Q. My wife recently divorced me over finances. I promised her that I would work so that she could stay home while the kids were young; that was 20 years ago. I tried; I never stopped trying. She is seeing someone else. I love my wife. Our kids and I are heart-broken. I continue to work to provide to win her back. My heart hurts in ways and places I never imagined.
A. I am so sorry about your loss. Divorce and knowing your ex is with someone else can feel absolutely devastating. I use the word loss because it is important for you to recognize that you (and your kids) are going through a grief process. You experience the death of your marriage, of your family as you knew it.

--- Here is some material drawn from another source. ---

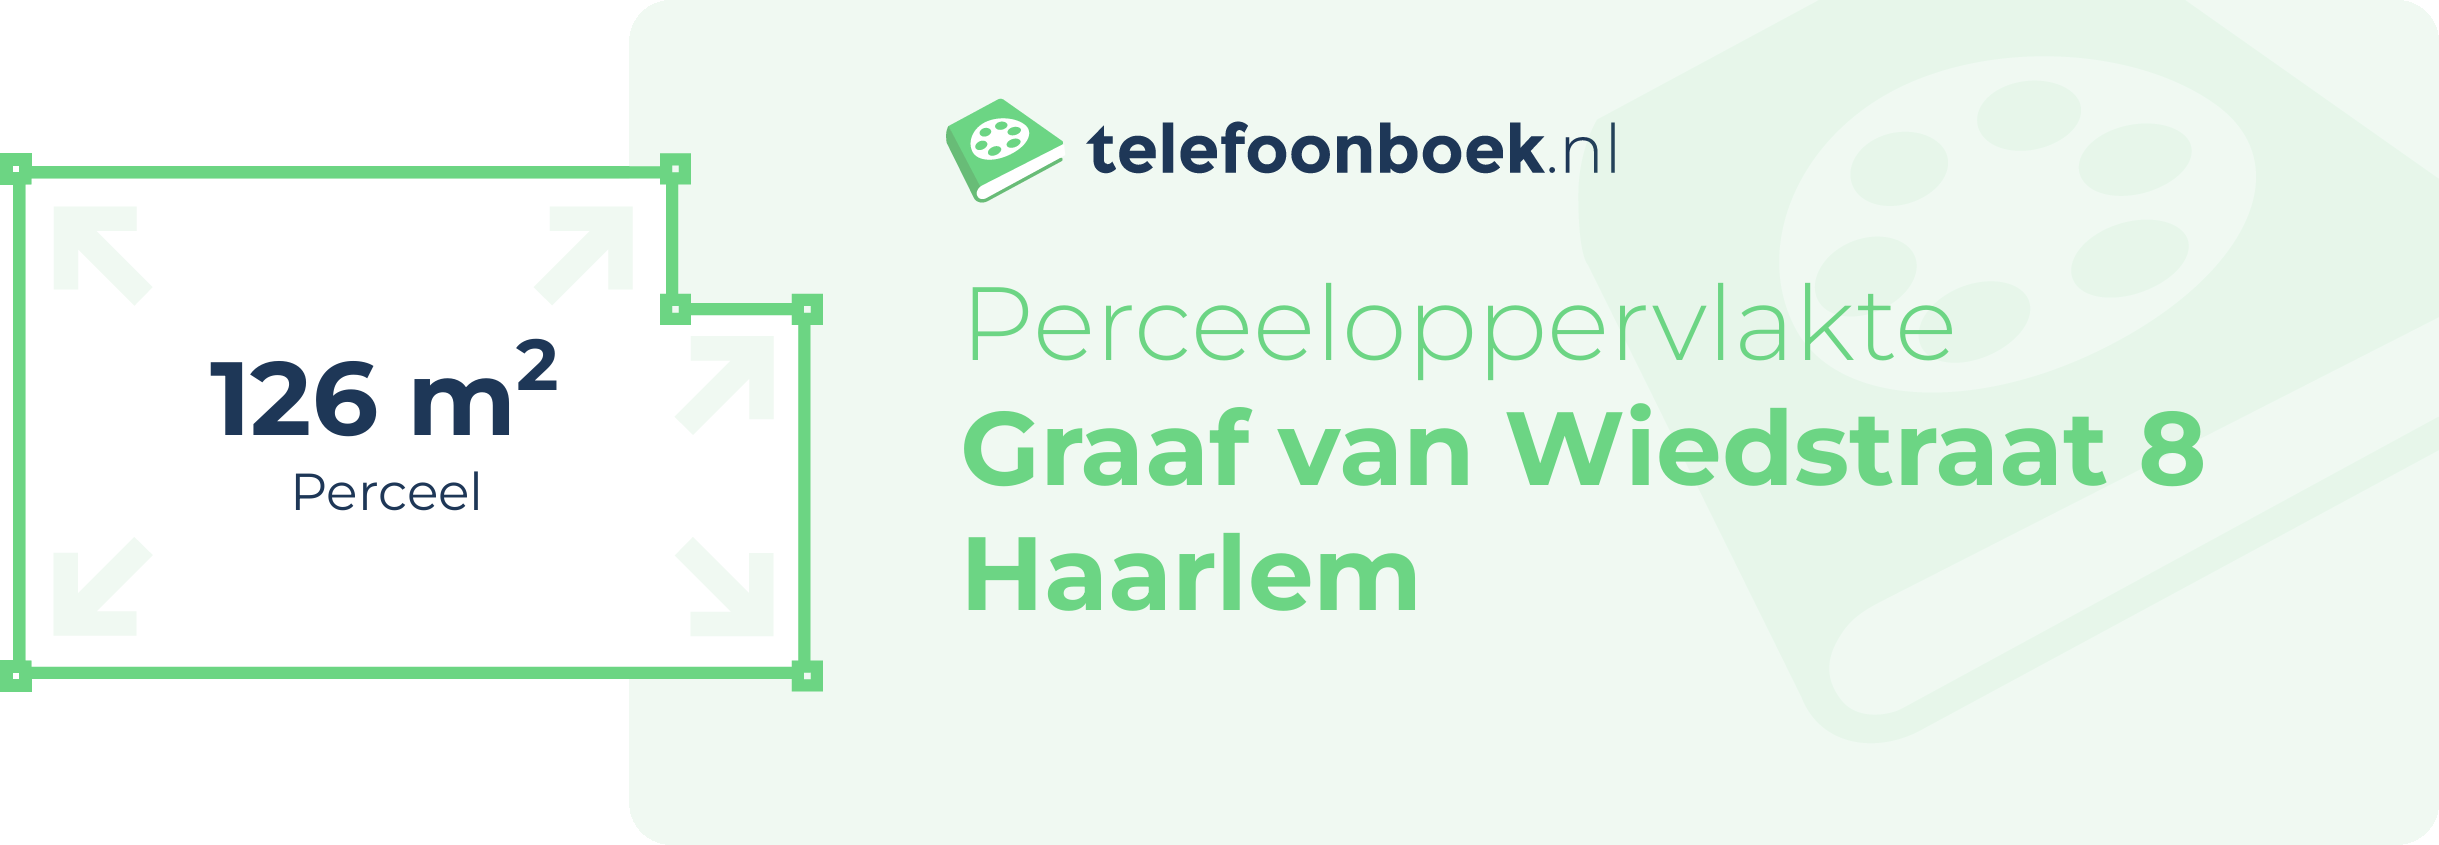 Perceeloppervlakte Graaf Van Wiedstraat 8 Haarlem

Finances are a common reason for marital troubles but usually, it is less about money and more about power struggles. Money represents power. Finances may play a role but I have no doubt that there were other contributing factors.
Have you considered going to a divorce support group, either in your community or through your church? By writing to me, it is clear that you seek support. It is not easy to process this loss on your own. A support group can help lift you up, slowly, over time, out of the darkness.
I caution you to be careful around your children. For parents, it is a fine line between sharing in your children’s grief as a way of supporting them versus leaning on them emotionally (which believe me, you might do without even realizing it). If your kids see you depressed, crying a lot, or in any way distressed, they will organically feel a need to take care of you.
It is a subtle care taking approach like hugging you more, not going out to be with friends so that you are not alone. The behaviors are not always overt and obvious. Remember, that your role as a parent is to make sure that YOU take care of THEM.
The post divorce period is a delicate time. Surround yourself with loved ones, take extra care of yourself, lean on your adult friends and/or find a support group or professional to work with.
Focus more on your own self-care rather than on reuniting with your spouse. I am sure you have many emotions with your ex that you need to process. Again, I highly encourage you to seek out adults who can support you.
Remember that even though you still love her, post-divorce reunion is not common. I would not want you to hold reunion as your only goal, extending your grief process even further when it does not happen. It sounds like she has moved on, as you process your own grief, I hope that you can find hope and love in your life, even if it does not include her.
This information is for educational purposes only. This post is not intended to be psychotherapy or a replacement for psychotherapy.